6. Fecal deposits identification using the ultimate reader of dung open source software
NOTE: The introduction and usage of the ultimate reader of dung software can be found in Supplementary File 1.
The study presented here shows that the measurement of diarrhea in D. melanogaster can be achieved through the use of the fecal deposit assay. Significant differences between the phenotypes (diarrheic or not) can be determined by analyzing various parameters, including the number of fecal deposits, the total area of deposits, the mean area of deposits, the mean lightness, and the total integrated optical density (IOD), which is a measure of the total amount of dye present in the deposit and represents the total fecal material content excreted27.

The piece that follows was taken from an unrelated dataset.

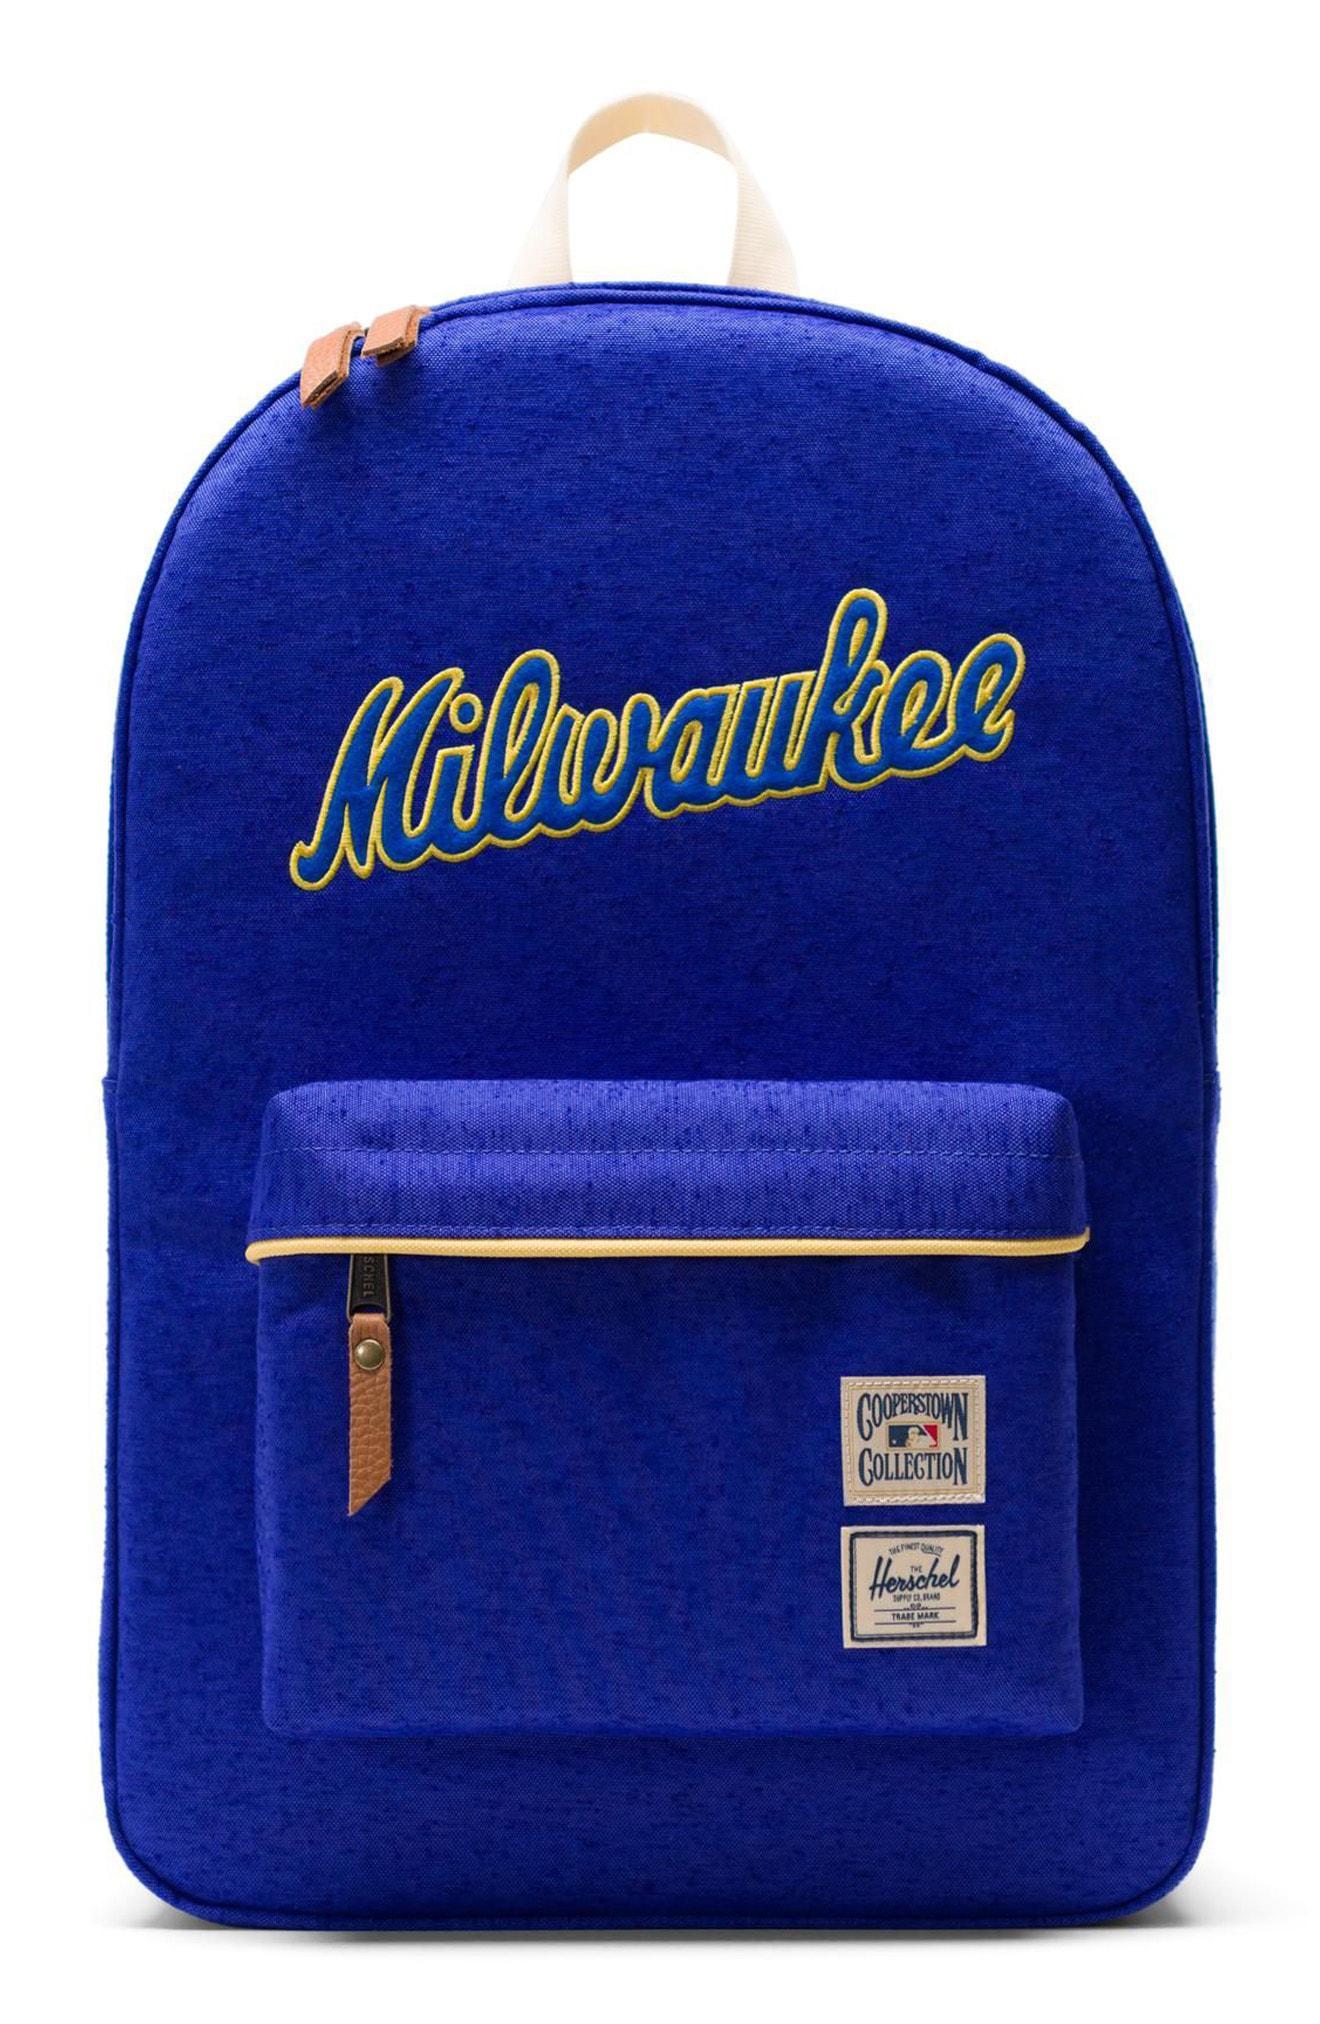 56510582ea Herschel Supply Co. Men s Blue Heritage - Mlb Cooperstown Collection  Backpack

The ITP gene knockdown in flies can induce a diarrheic phenotype, characterized by increased frequency of defecation, making them a suitable model for studying diarrhea29. In the context of this experiment, the ITPi strain (w1118; daughterless-GeneSwitch, UAS-ITPi /(CyO)) was employed and reared on a standard medium. Psidium guajava leaves extract was selected as the antidiarrheal intervention, given the widespread use of this plant in tropical regions to manage diarrhea. Crofelemer, an antidiarrheal agent, was approved by the US Food and Drug Administration (FDA) to provide symptomatic relief for non-infectious diarrhea in adult patients with HIV/AIDS undergoing antiretroviral therapy31. Crofelemer is an extract from the latex of Croton lechleri Müll.Arg. stem bark32. Loperamide is a synthetic drug used worldwide to treat diarrhea33. Both Crofelemer and Loperamide were used as potential positive controls.
The hypothesis was that feeding flies with P. guajava extract, Crofelemer, and Loperamide would reduce the diarrheic phenotype compared to those fed with normal food. To examine this hypothesis, a measurement of fecal deposits was performed in D. melanogaster by comparing several parameters between flies fed with normal food and those fed with P. guajava extract (1 g/100 mL), Crofelemer (1 g/100 mL), and Loperamide (10 mM). For the experiment setup, 6-7-days-old virgin females or males were used. Each Petri dish contained six flies, and six replicates were carried out. The flies were reared for 24 h, and then each group was analyzed. The student's t-test was used to compare the significant difference between the test group. The results demonstrate that the number of fecal deposits (Figure 3A), the total area of deposits (Figure 3B) and the total IOD (Figure 3C) exhibited significantly higher values in the normal food group compared to the P. guajava extract (1 g/ 100 mL) group, in both virgin females and males. Unfortunately, Loperamide did not show any effect in both genders (but it was already demonstrated that it acts as an antispasmodic agent in D. melanogaster)34 while Crofelemer had an effect on females only.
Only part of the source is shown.